[Provided entries]

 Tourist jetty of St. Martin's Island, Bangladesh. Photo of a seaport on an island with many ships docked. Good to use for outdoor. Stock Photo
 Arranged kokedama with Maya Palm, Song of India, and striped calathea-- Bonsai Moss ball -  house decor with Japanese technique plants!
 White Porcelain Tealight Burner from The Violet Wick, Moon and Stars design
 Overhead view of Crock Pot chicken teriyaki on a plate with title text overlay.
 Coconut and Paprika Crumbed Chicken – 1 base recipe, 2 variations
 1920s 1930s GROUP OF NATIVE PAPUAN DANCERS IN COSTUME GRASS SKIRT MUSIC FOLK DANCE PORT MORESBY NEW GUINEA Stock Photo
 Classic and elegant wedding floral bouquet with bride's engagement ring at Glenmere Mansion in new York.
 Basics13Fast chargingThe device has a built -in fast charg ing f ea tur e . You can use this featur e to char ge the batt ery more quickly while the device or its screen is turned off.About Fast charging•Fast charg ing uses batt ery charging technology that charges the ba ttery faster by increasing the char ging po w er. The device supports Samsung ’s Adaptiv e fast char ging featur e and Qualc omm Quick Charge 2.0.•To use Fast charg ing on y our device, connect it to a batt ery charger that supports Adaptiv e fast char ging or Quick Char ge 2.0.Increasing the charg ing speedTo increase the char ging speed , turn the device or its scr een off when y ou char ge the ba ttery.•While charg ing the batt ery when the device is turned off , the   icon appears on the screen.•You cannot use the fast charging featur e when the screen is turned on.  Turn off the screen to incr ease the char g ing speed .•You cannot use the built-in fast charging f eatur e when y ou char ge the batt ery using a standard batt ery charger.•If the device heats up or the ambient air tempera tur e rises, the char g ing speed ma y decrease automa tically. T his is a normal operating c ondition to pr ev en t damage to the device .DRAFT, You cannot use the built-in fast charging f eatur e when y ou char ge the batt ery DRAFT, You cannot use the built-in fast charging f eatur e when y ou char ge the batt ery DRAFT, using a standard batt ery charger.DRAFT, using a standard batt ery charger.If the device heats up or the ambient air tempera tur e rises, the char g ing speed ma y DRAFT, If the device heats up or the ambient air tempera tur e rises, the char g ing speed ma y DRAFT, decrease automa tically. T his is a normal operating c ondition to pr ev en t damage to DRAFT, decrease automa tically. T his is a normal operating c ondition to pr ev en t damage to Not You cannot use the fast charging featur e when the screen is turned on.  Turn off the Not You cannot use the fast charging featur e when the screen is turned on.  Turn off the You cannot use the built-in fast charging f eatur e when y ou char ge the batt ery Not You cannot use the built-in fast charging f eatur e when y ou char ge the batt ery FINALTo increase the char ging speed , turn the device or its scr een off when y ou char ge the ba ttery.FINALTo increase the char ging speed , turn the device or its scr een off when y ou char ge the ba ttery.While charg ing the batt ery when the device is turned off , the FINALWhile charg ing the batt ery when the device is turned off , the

[/Provided entries]

▸ **Exercise goal**
Set down every entry exactly as given.

▸ **Solution for this task**
 Tourist jetty of St. Martin's Island, Bangladesh. Photo of a seaport on an island with many ships docked. Good to use for outdoor. Stock Photo
 Arranged kokedama with Maya Palm, Song of India, and striped calathea-- Bonsai Moss ball -  house decor with Japanese technique plants!
 White Porcelain Tealight Burner from The Violet Wick, Moon and Stars design
 Overhead view of Crock Pot chicken teriyaki on a plate with title text overlay.
 Coconut and Paprika Crumbed Chicken – 1 base recipe, 2 variations
 1920s 1930s GROUP OF NATIVE PAPUAN DANCERS IN COSTUME GRASS SKIRT MUSIC FOLK DANCE PORT MORESBY NEW GUINEA Stock Photo
 Classic and elegant wedding floral bouquet with bride's engagement ring at Glenmere Mansion in new York.
 Basics13Fast chargingThe device has a built -in fast charg ing f ea tur e . You can use this featur e to char ge the batt ery more quickly while the device or its screen is turned off.About Fast charging•Fast charg ing uses batt ery charging technology that charges the ba ttery faster by increasing the char ging po w er. The device supports Samsung ’s Adaptiv e fast char ging featur e and Qualc omm Quick Charge 2.0.•To use Fast charg ing on y our device, connect it to a batt ery charger that supports Adaptiv e fast char ging or Quick Char ge 2.0.Increasing the charg ing speedTo increase the char ging speed , turn the device or its scr een off when y ou char ge the ba ttery.•While charg ing the batt ery when the device is turned off , the   icon appears on the screen.•You cannot use the fast charging featur e when the screen is turned on.  Turn off the screen to incr ease the char g ing speed .•You cannot use the built-in fast charging f eatur e when y ou char ge the batt ery using a standard batt ery charger.•If the device heats up or the ambient air tempera tur e rises, the char g ing speed ma y decrease automa tically. T his is a normal operating c ondition to pr ev en t damage to the device .DRAFT, You cannot use the built-in fast charging f eatur e when y ou char ge the batt ery DRAFT, You cannot use the built-in fast charging f eatur e when y ou char ge the batt ery DRAFT, using a standard batt ery charger.DRAFT, using a standard batt ery charger.If the device heats up or the ambient air tempera tur e rises, the char g ing speed ma y DRAFT, If the device heats up or the ambient air tempera tur e rises, the char g ing speed ma y DRAFT, decrease automa tically. T his is a normal operating c ondition to pr ev en t damage to DRAFT, decrease automa tically. T his is a normal operating c ondition to pr ev en t damage to Not You cannot use the fast charging featur e when the screen is turned on.  Turn off the Not You cannot use the fast charging featur e when the screen is turned on.  Turn off the You cannot use the built-in fast charging f eatur e when y ou char ge the batt ery Not You cannot use the built-in fast charging f eatur e when y ou char ge the batt ery FINALTo increase the char ging speed , turn the device or its scr een off when y ou char ge the ba ttery.FINALTo increase the char ging speed , turn the device or its scr een off when y ou char ge the ba ttery.While charg ing the batt ery when the device is turned off , the FINALWhile charg ing the batt ery when the device is turned off , the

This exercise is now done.